Even assuming 1 token takes 5 seconds, if you can process with 20 computers 5000 requests in parallel it means 1000 tokens/s/batch which is pretty fast. But each request takes then approximately 10 minute to complete.

Just my 2 cents on the idea why it would be nice to have in my view.

snapo avatar Apr 14 '23 05:04 snapo

There already exists many ways to distribute across tensor and operator. See e.g. https://alpa.ai/index.html

I believe this is out of scope for llama.cpp

jon-chuang avatar Apr 14 '23 05:04 jon-chuang

Thank you very much, i will check out alpa.ai and if it would fit my need :-)

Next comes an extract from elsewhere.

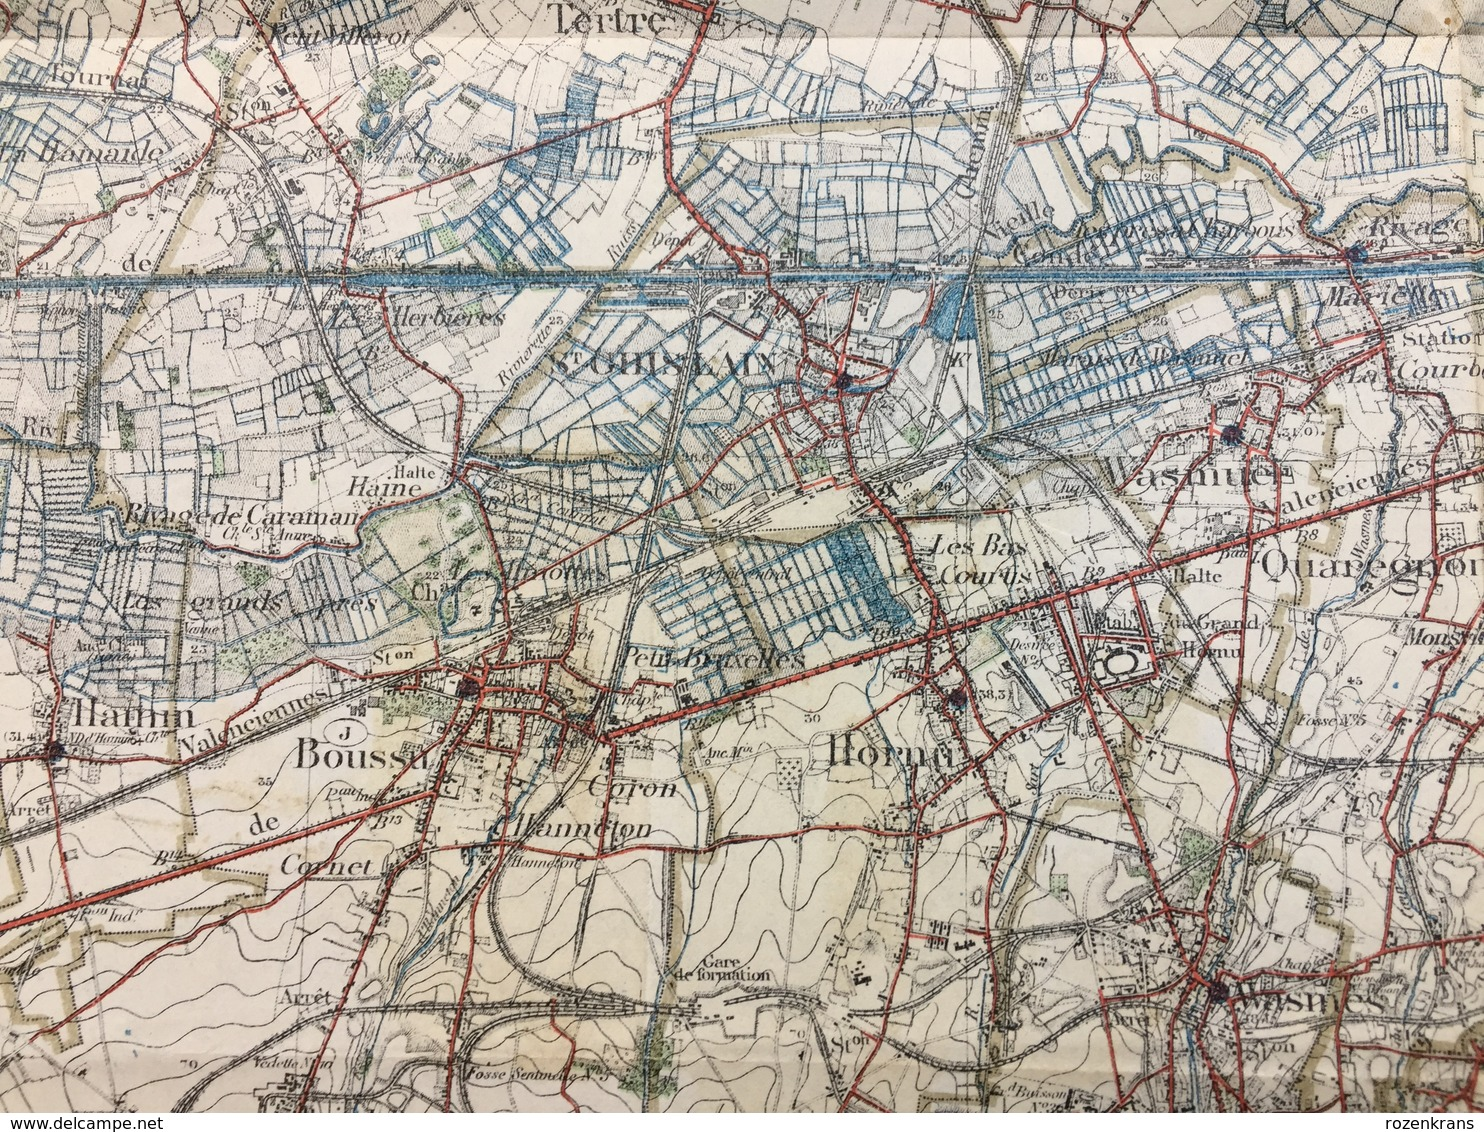 Topografische En Militaire Kaart STAFKAART Mons Borinage Hornu Dour Terte Baudour Belouil Quievrain Quaregnon Obourg - Cartes Topographiques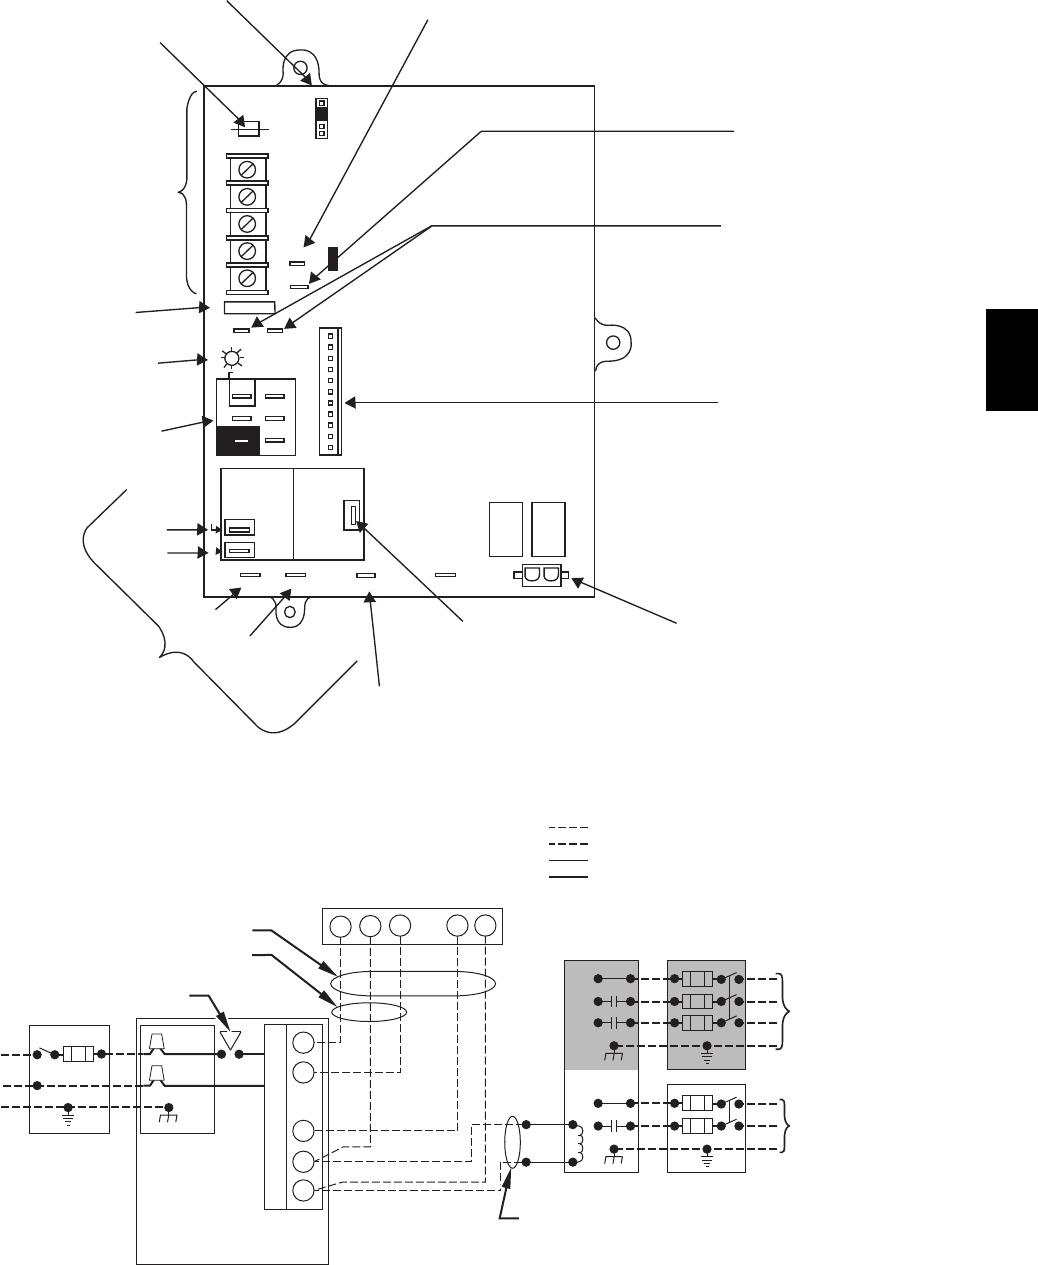 Bryant Furnace Bryant Furnace Diagram

snapo avatar Apr 14 '23 06:04 snapo

From ggml point of view, such distributed computing is completely possible. You simply have to partition your transformer the way you like and load the respective tensors on the respective nodes. You then create the partial compute graphs and should be ready to compute.

The main thing to solve is make the nodes communicate with each other - for example over the network. This is something that will likely never be part of ggml or even llama.cpp since it will bring 3rd party dependencies. So a distributed computing example will likely have to be demonstrated in a separate respository / fork.

Unless, you find a very elegant way to pass and queue messages between the nodes that fits in a few hundred lines of C/C++ code. In that case, this can become a llama.cpp example and I think it will be of great interest. Even if it works only on Linux for example.

ggerganov avatar Apr 14 '23 06:04 ggerganov

Unless, you find a very elegant way to pass and queue messages between the nodes that fits in a few hundred lines of C/C++ code. In that case, this can become a llama.cpp example and I think it will be of great interest. Even if it works only on Linux for example.

If you accept MPI as a dependency, this is actually very possible.

The test should be written using multiple processes to simulate multiple nodes.

jon-chuang avatar Apr 14 '23 06:04 jon-chuang

This issue was closed because it has been inactive for 14 days since being marked as stale.

github-actions[bot] avatar Apr 11 '24 01:04 github-actions[bot]